### How to complete this task
Word-for-word repetition of the records below is needed, but only from the line holding "Beautiful Hat Woman" through the final line, with pictures excluded.

### Data supplied
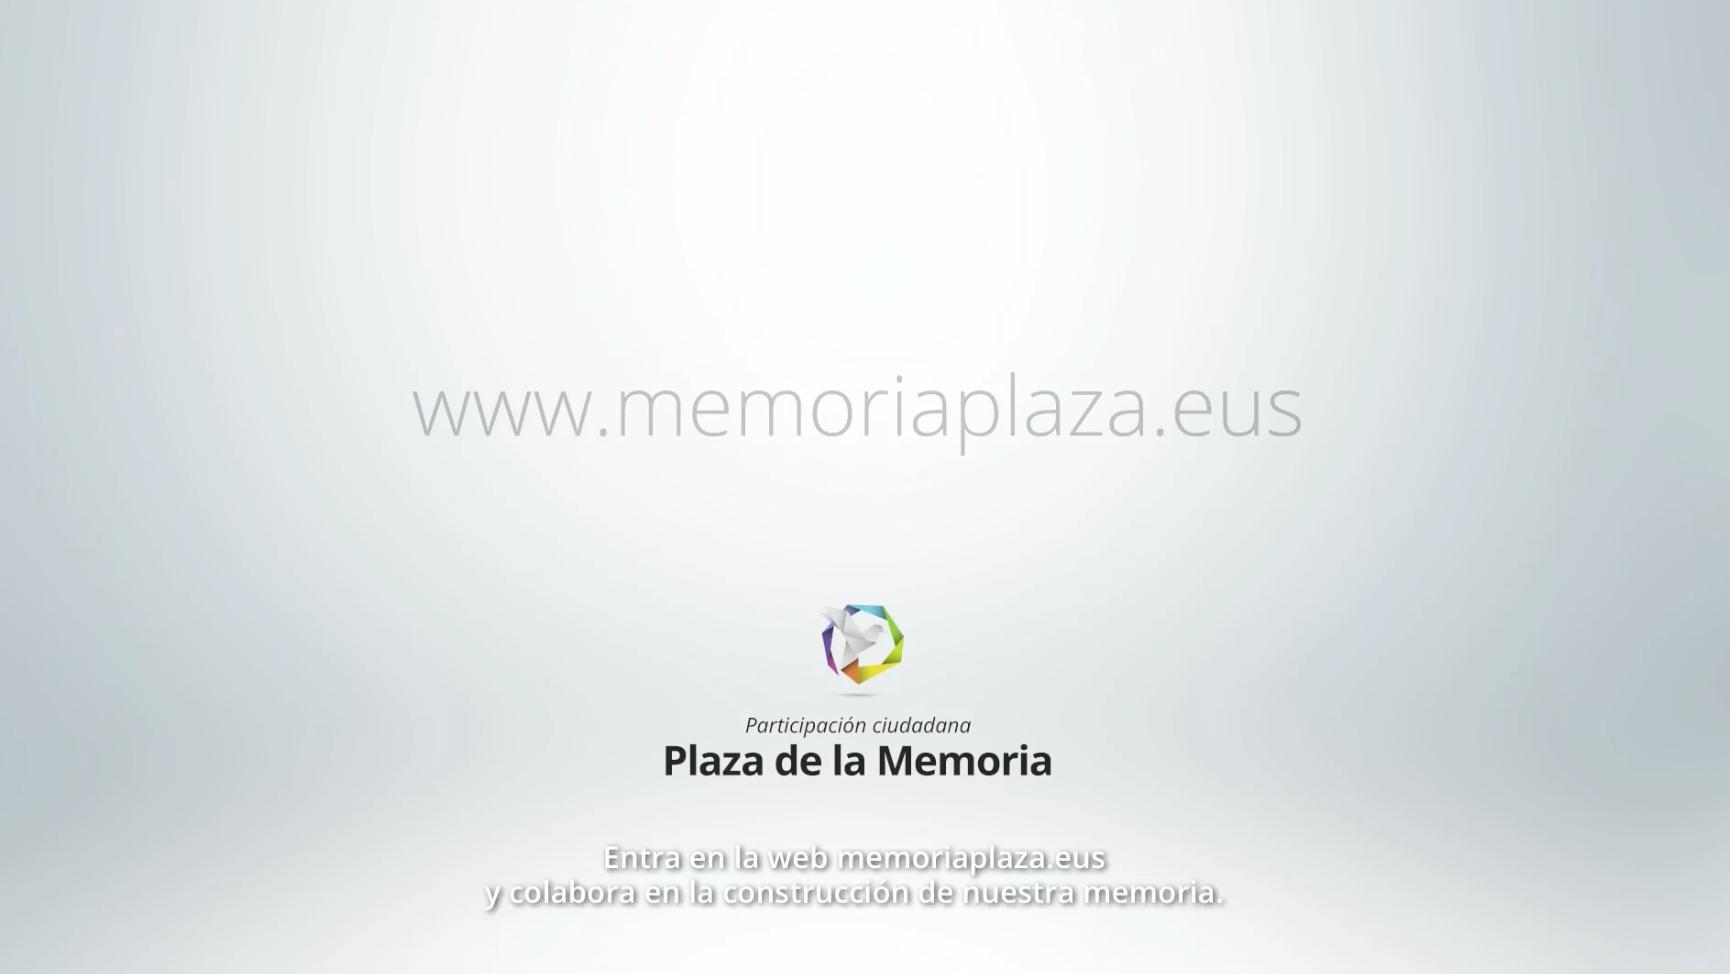 plaza_memoria_02_es.jpg
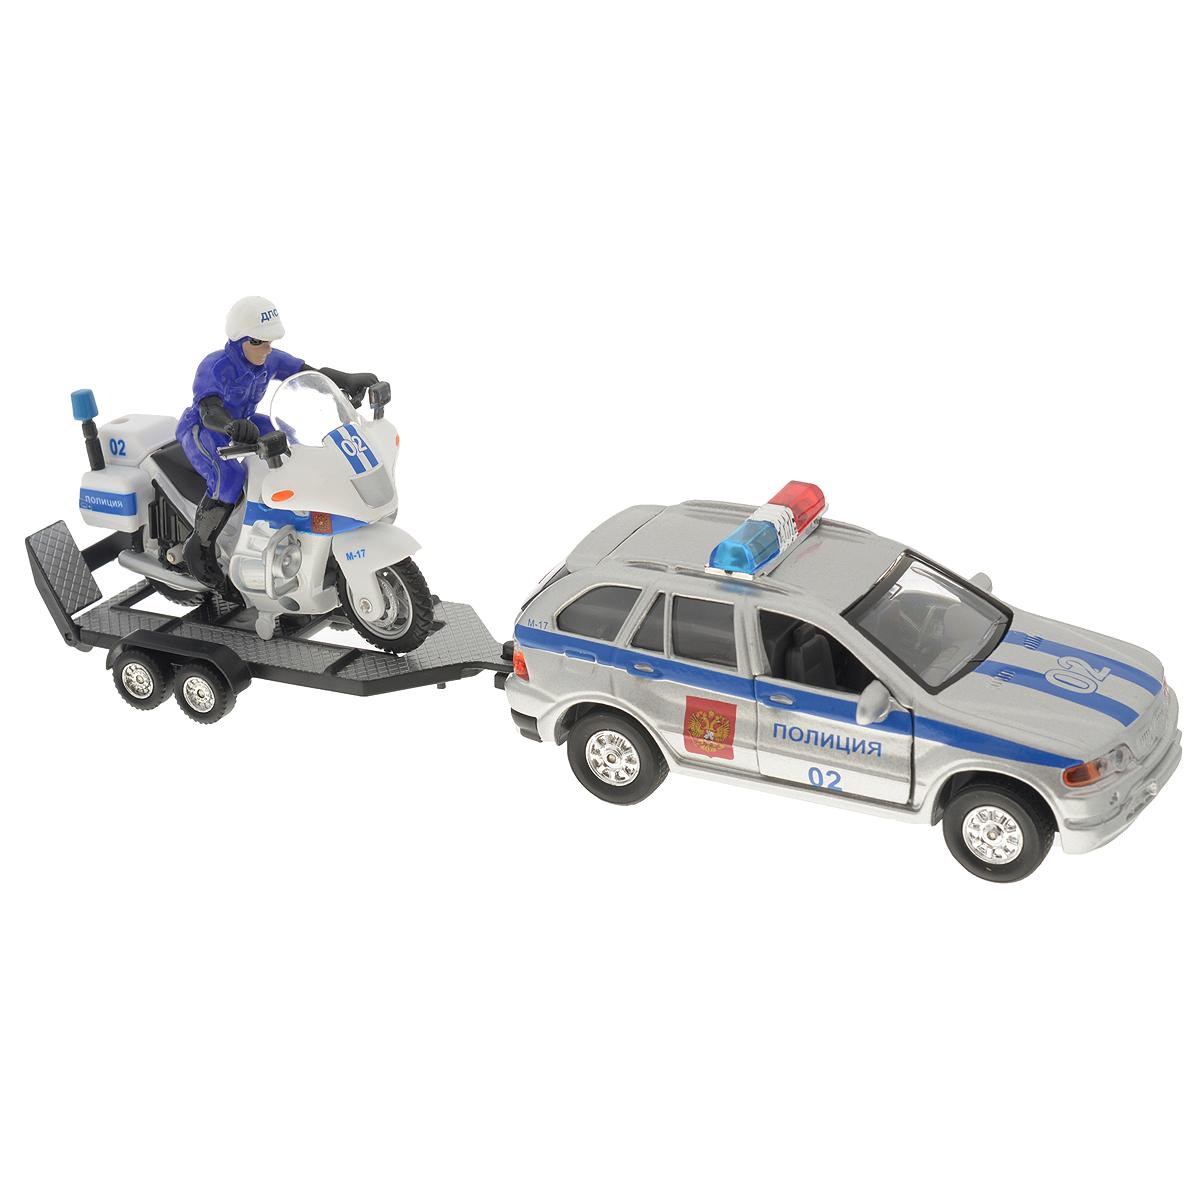 ТехноПарк Игрофой набор Полиция с мотоциклом на прицепеCT11-313Игровой набор Технопарк Полиция с мотоциклом на прицепе несомненно понравится вашему ребенку и не позволит ему скучать. В наборе представлены металлическая инерционная машинка с открывающимися дверьми и багажником, прицеп и мотоцикл с мотоциклистом. Машинка оборудована звуковыми и световыми эффектами - при нажатии на крышу машинки раздастся голос диспетчера и замигают огоньки. Игрушка оснащена инерционным ходом. Машинку необходимо отвести назад, затем отпустить - и она быстро поедет вперед. Прорезиненные колеса обеспечивают надежное сцепление с любой поверхностью пола. Ваш ребенок будет часами играть с набором, придумывая различные истории. С таким набором можно придумать множество игровых сюжетов для увлекательного и веселого времяпрепровождения. Этот игровой набор обязательно понравится вашему ребенку и поможет обеспечить увлекательный досуг. Порадуйте своего малыша такой интересной игрушкой!
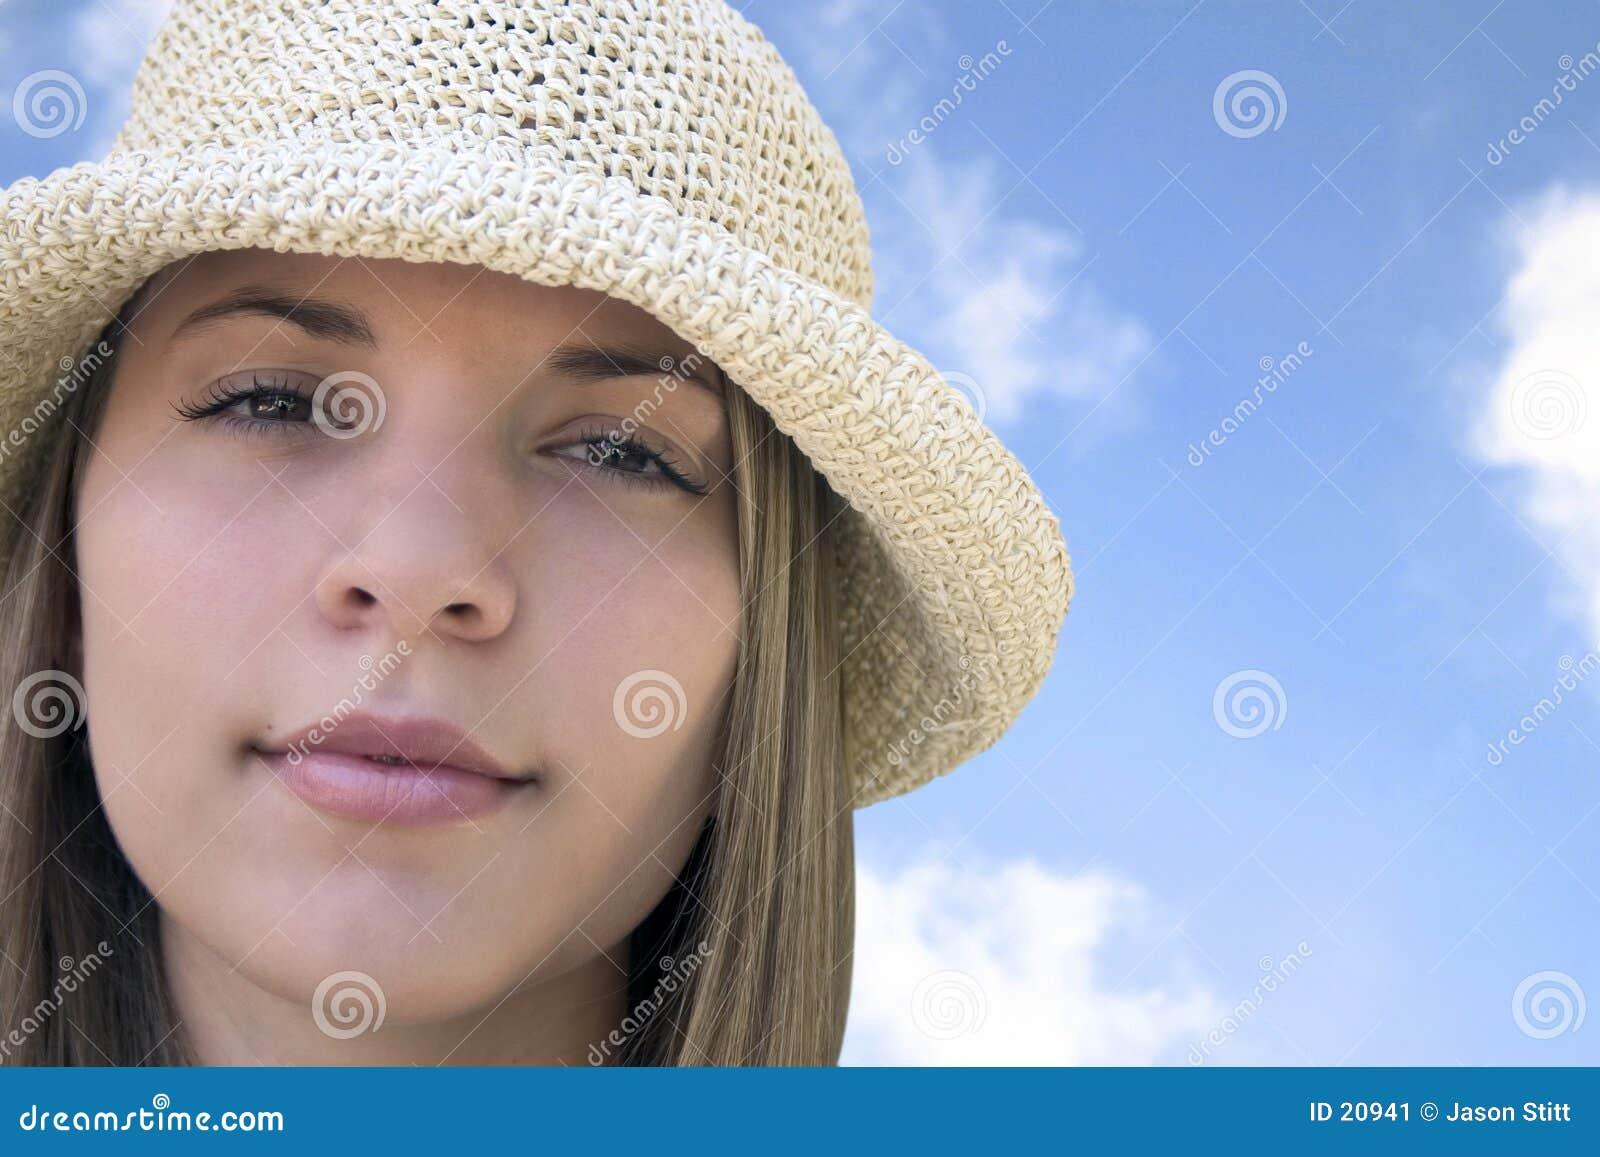 Beautiful Hat Woman
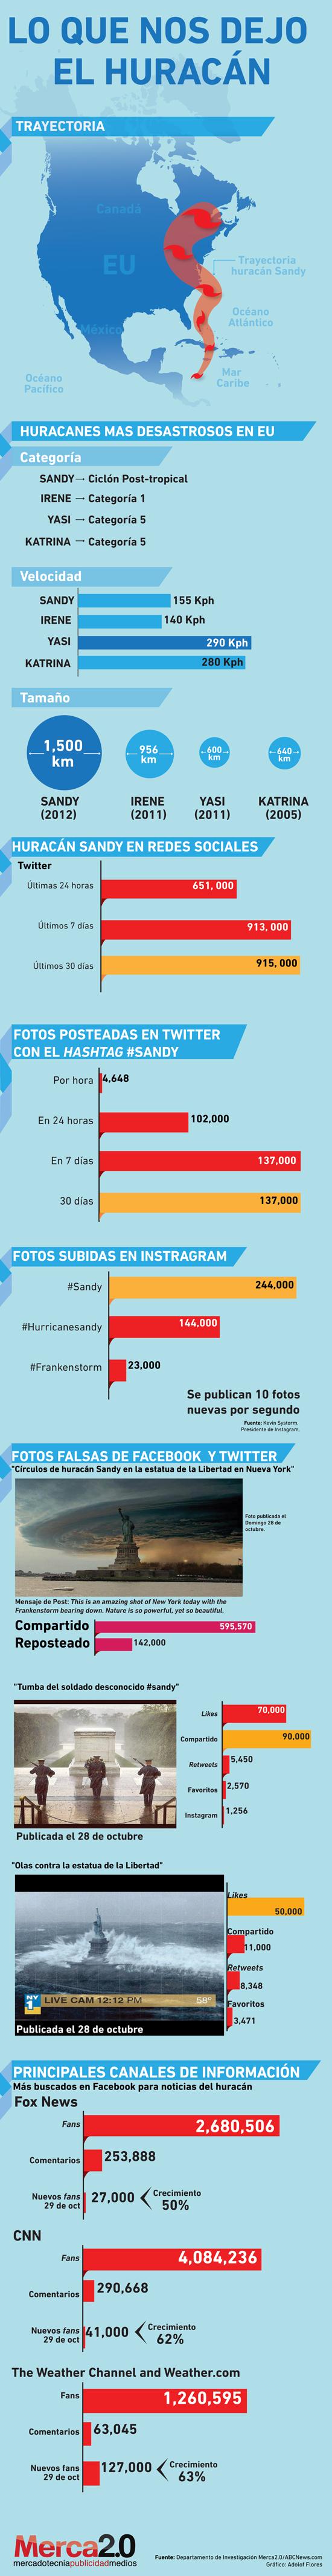 Huracán Sandy en las redes sociales
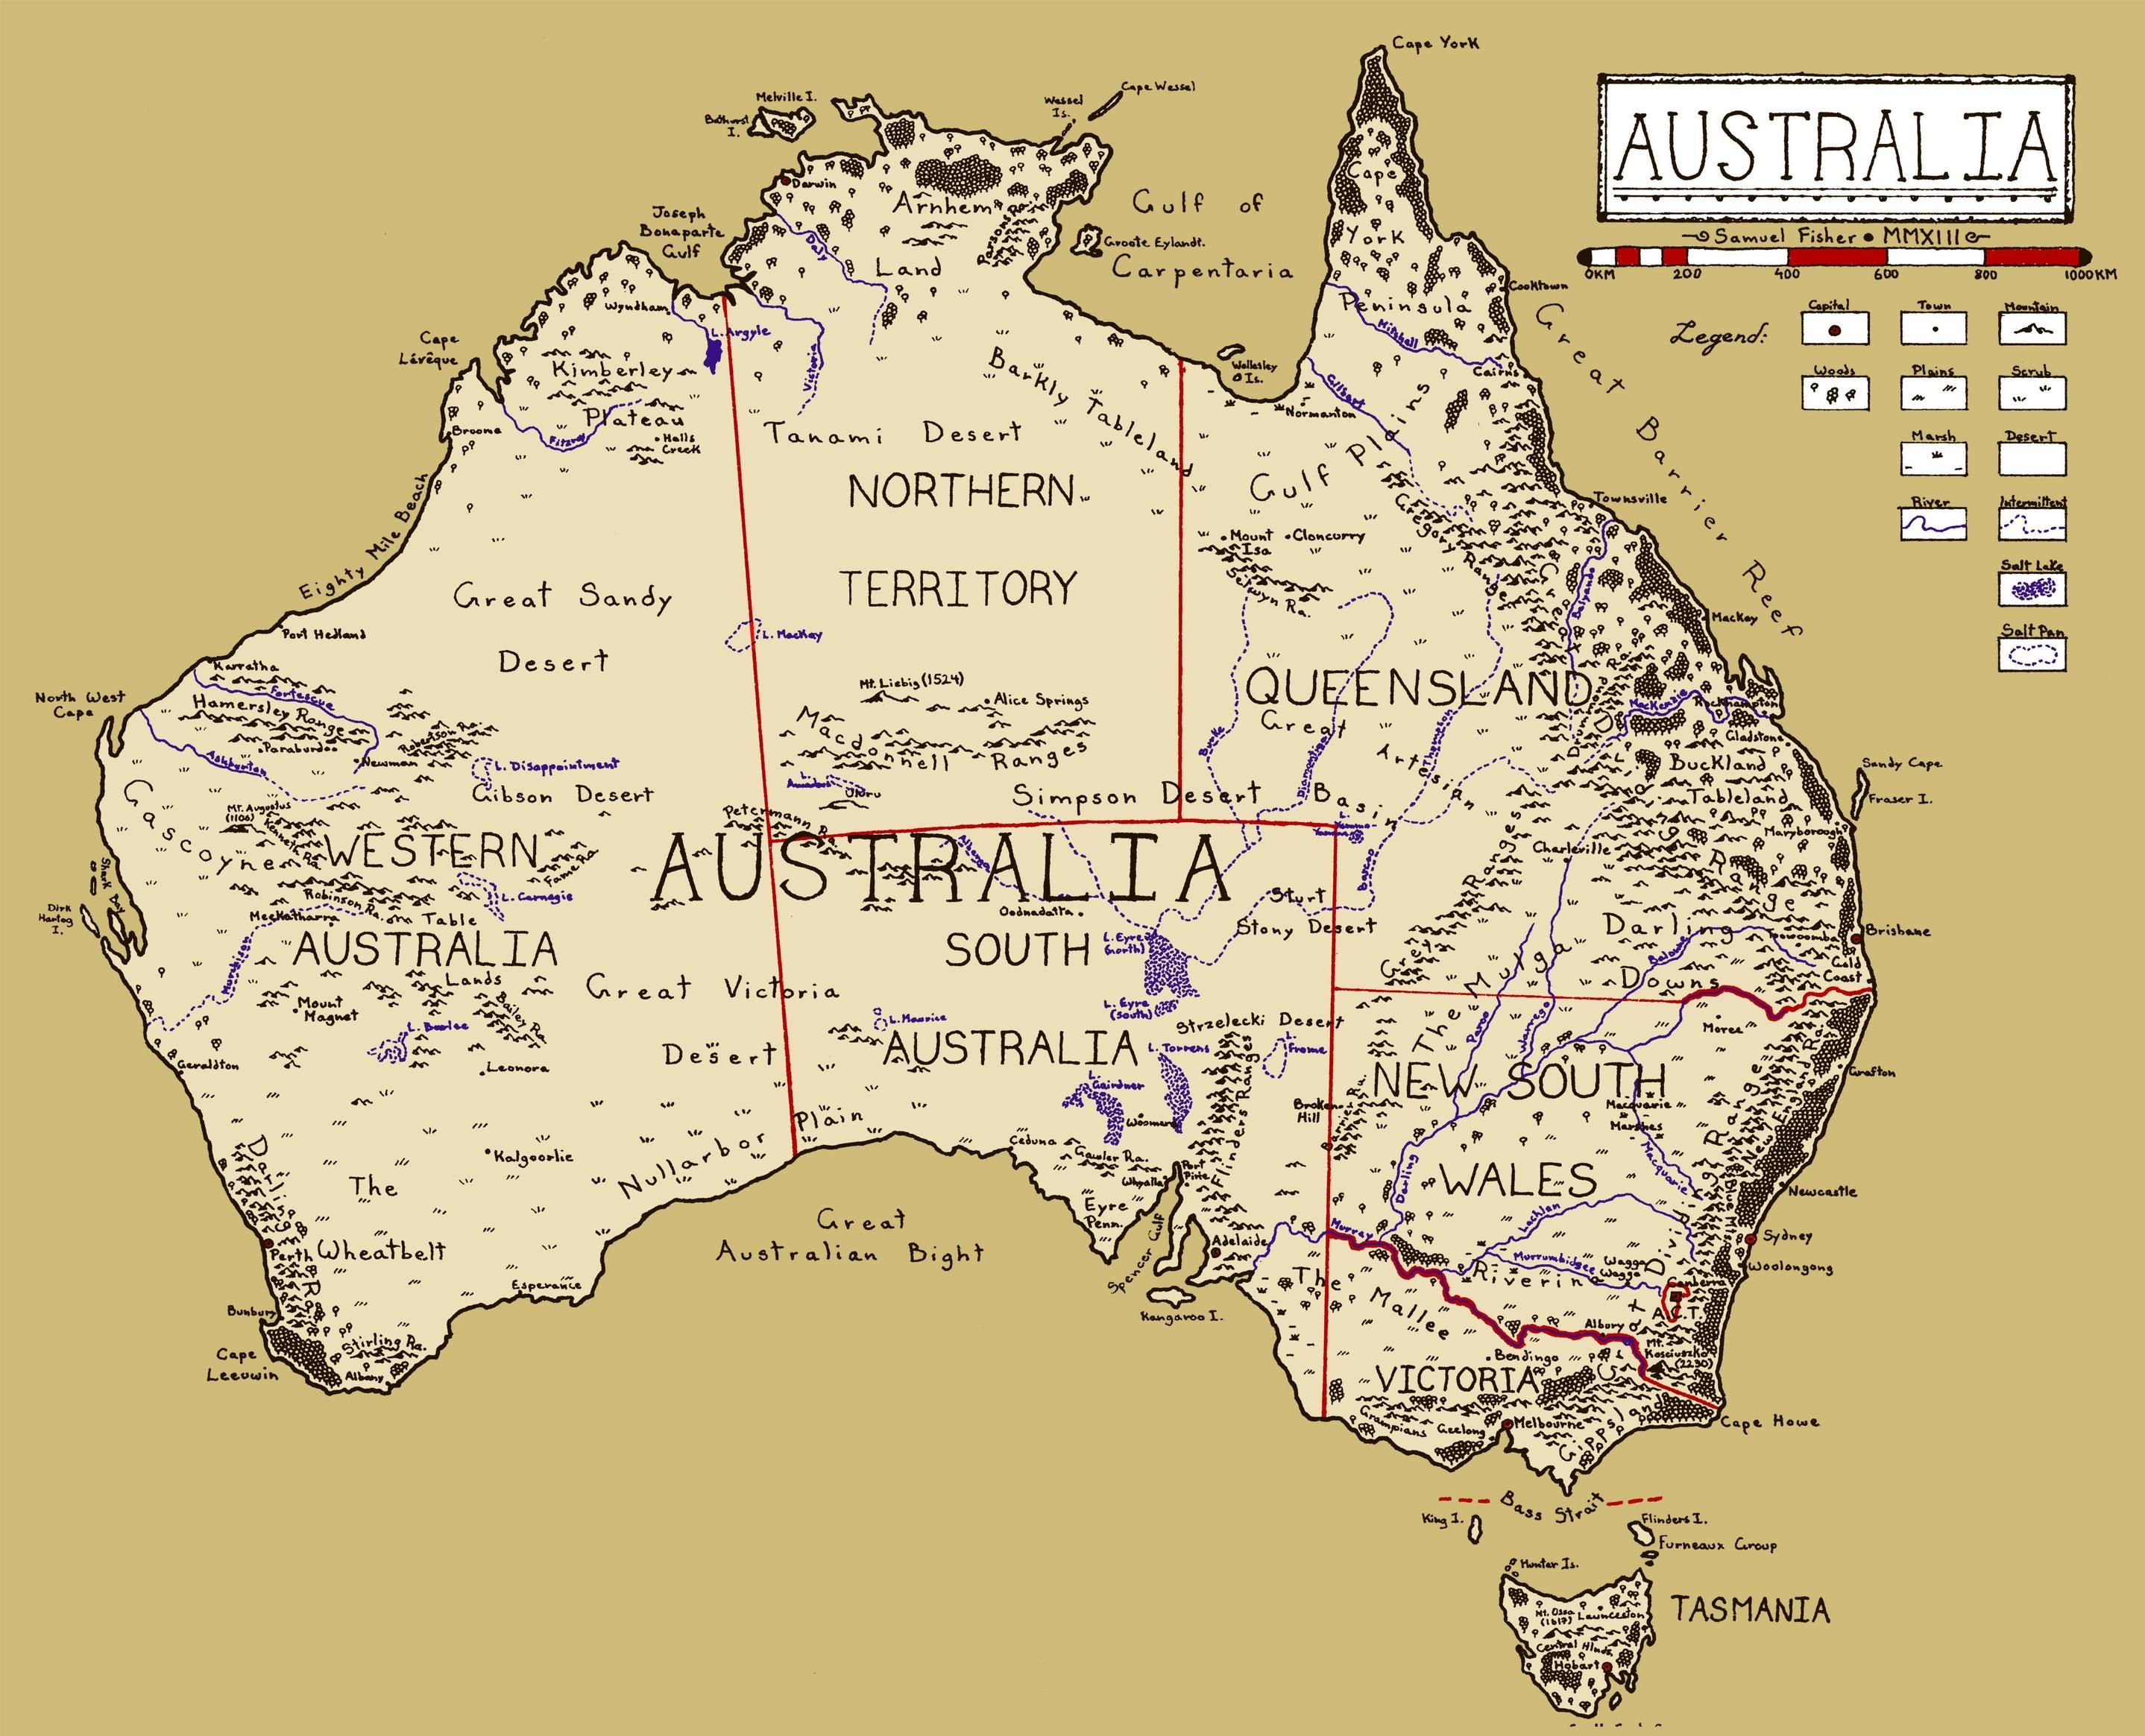 A Map I Drew Of Australia Lotr Style 2877x2329 Maps

### The answer
 Beautiful Hat Woman
 Huracán Sandy en las redes sociales
 A Map I Drew Of Australia Lotr Style 2877x2329 Maps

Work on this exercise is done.